• Problem description:
In the entries below, begin at the line that has "a silver makeup" and stop after the line that has "Black currant fruit"; output those lines exactly, leaving out pictures.

• Input material:

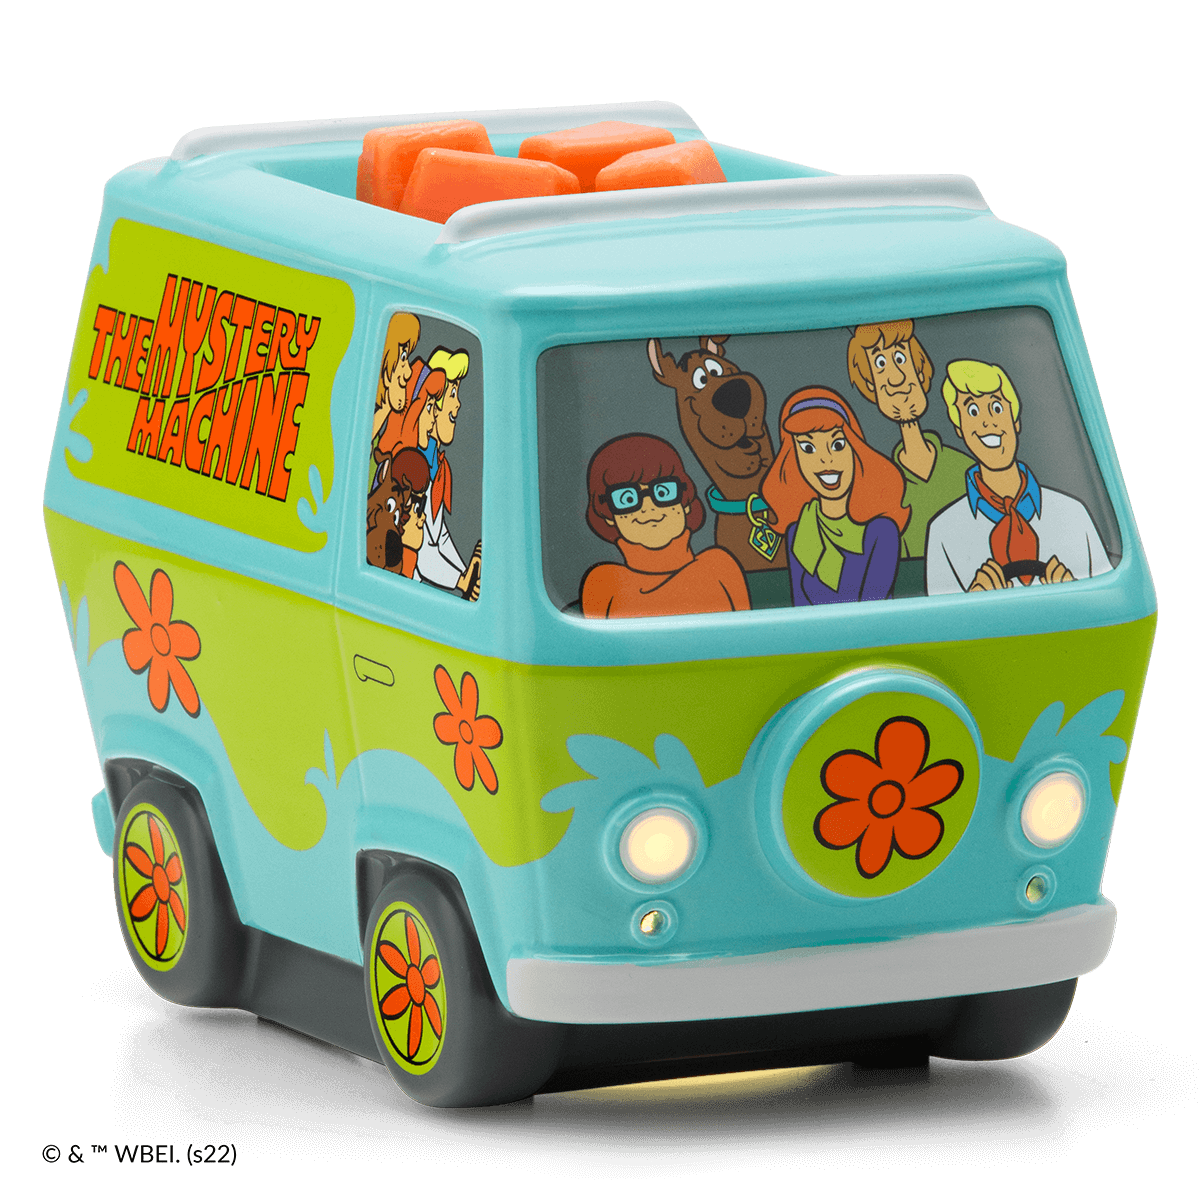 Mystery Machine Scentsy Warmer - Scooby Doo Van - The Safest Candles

--

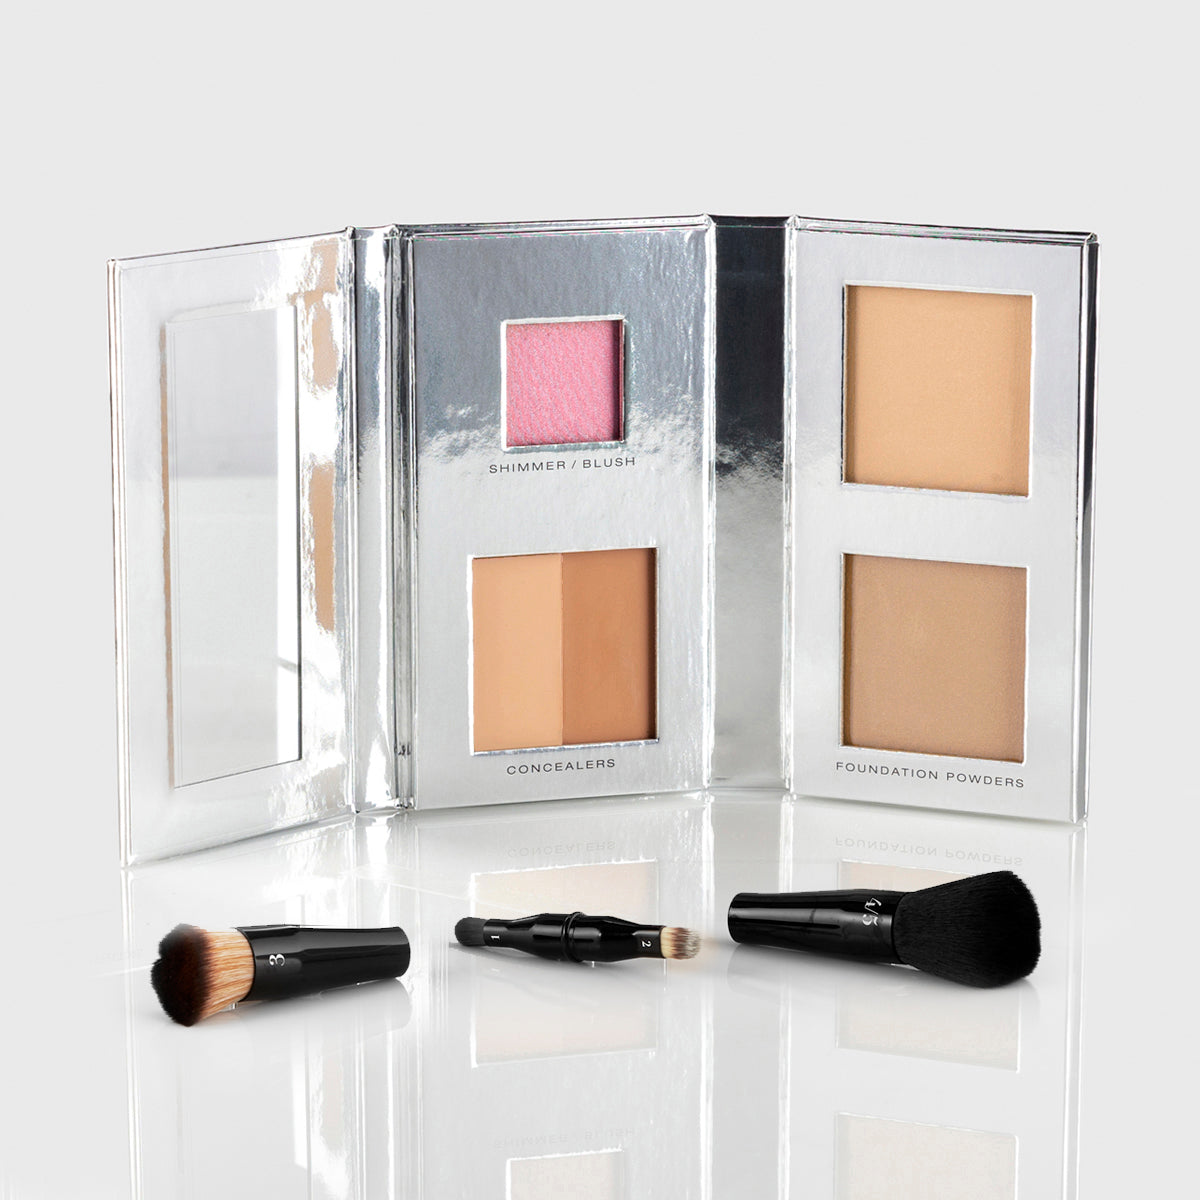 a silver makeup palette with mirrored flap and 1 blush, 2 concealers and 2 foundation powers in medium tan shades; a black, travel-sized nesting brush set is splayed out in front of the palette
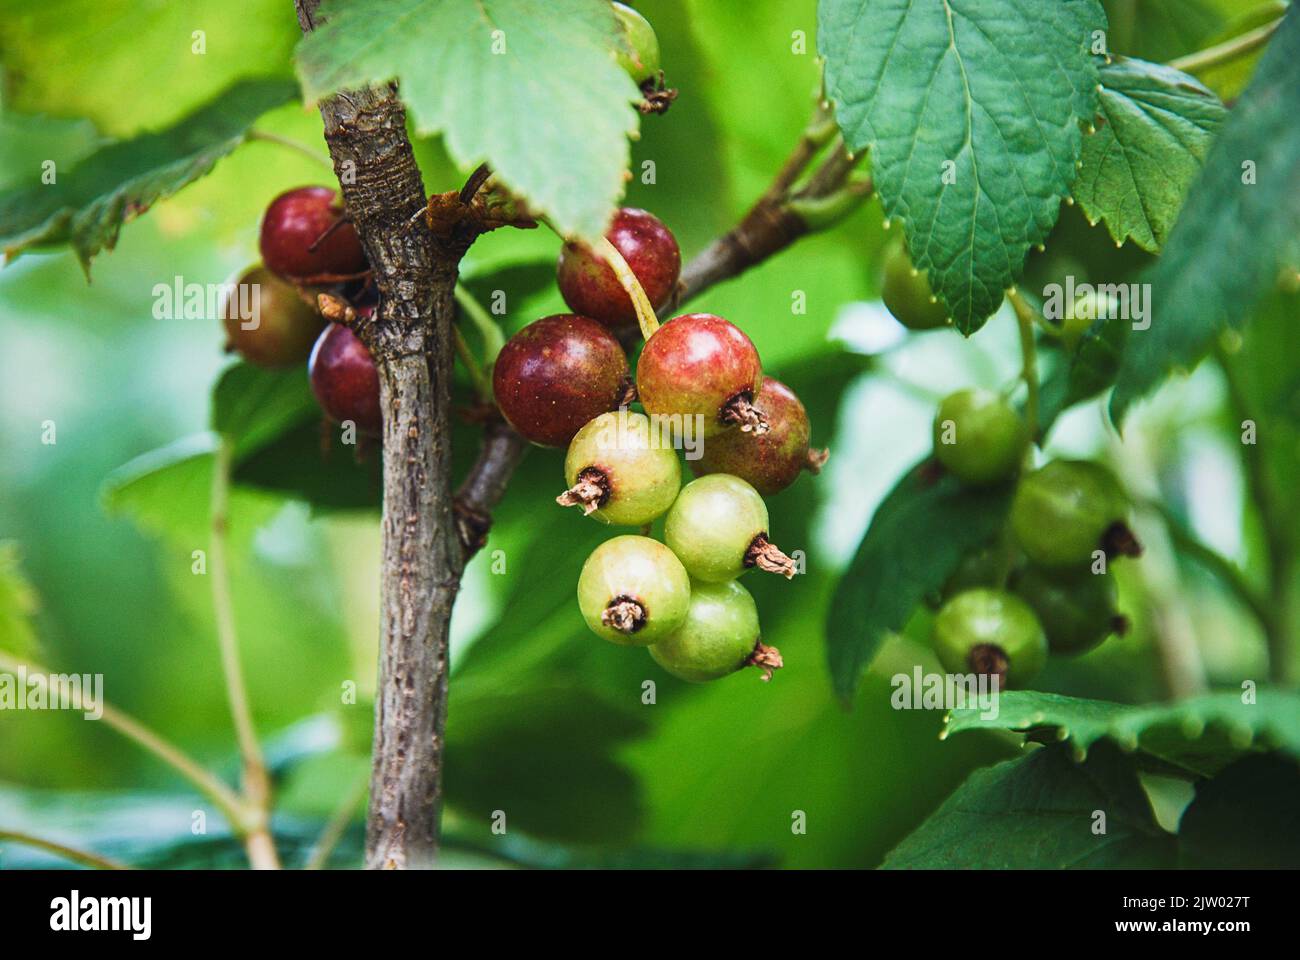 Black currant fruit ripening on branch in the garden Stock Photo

• Written reply:
 a silver makeup palette with mirrored flap and 1 blush, 2 concealers and 2 foundation powers in medium tan shades; a black, travel-sized nesting brush set is splayed out in front of the palette
 Black currant fruit ripening on branch in the garden Stock Photo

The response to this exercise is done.